A bus object will always recieve from the same numbered bus line (bus object 6 recieves from bus line 6) whereas an aux object can recieve from any bus line. So you could use the same bus line to output at multiple auxes.

 

A bus Object is inserted on the bus itself, before any Aux Object can access it. It alters the signal on the Bus, if you have any inserts on the bus channel.

 

An Aux Object "taps" the signal from a Bus, but doesn't alter the signal on the Bus.

 

Two ways to use a bus line: send to it from the track sends or you can change the output of the track to route the whole track down the bus line. The first situation would be for something like reverb, the second for something like outputting all your BG vocals to one Aux.

 

If you send/route a stereo signal down the bus line that's what comes out the other end, assuming you have a stereo bus object or aux object at the end.

 

If you send/route a mono signal down the bus line, ditto, as above.

 

Bus objects don't have sends, aux objects have sends. So you could use an aux with reverb inserted on it and send some of that reverb to another aux with a delay inserted there.

 

You can't pan a send down the bus line UNLESS you insert a Direction Mixer on a track.
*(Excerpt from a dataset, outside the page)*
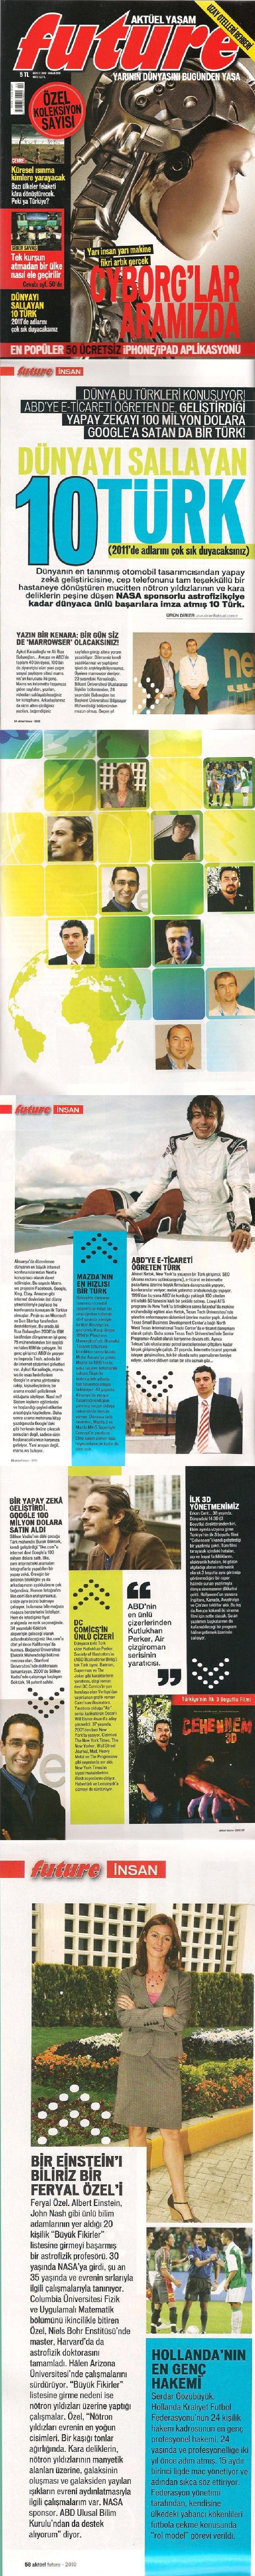 Aktuel Future Dergisi- Dunyayı sallayan 10 Turk

The DM will work on stereo or mono tracks. It will also pan the whole track, not just the signal to the sends.

 

If you are routing a whole track down a bus line, (the track's output gets changed to a bus line) then the panning of the track will be preserved in the stereo bus line. Great for panned BGs, stereo guitars, drum mixes, etc

 

And finally, to use any of these options, go to the Send, I/O and Output buttons on your channel strip where you'll find a variety of menus where you can select busses, outputs and so on.

 

PS - Under "wish list" is the ability to have a bus output directly to an audio track. Much requested feature but as of yet not implemented in Logic.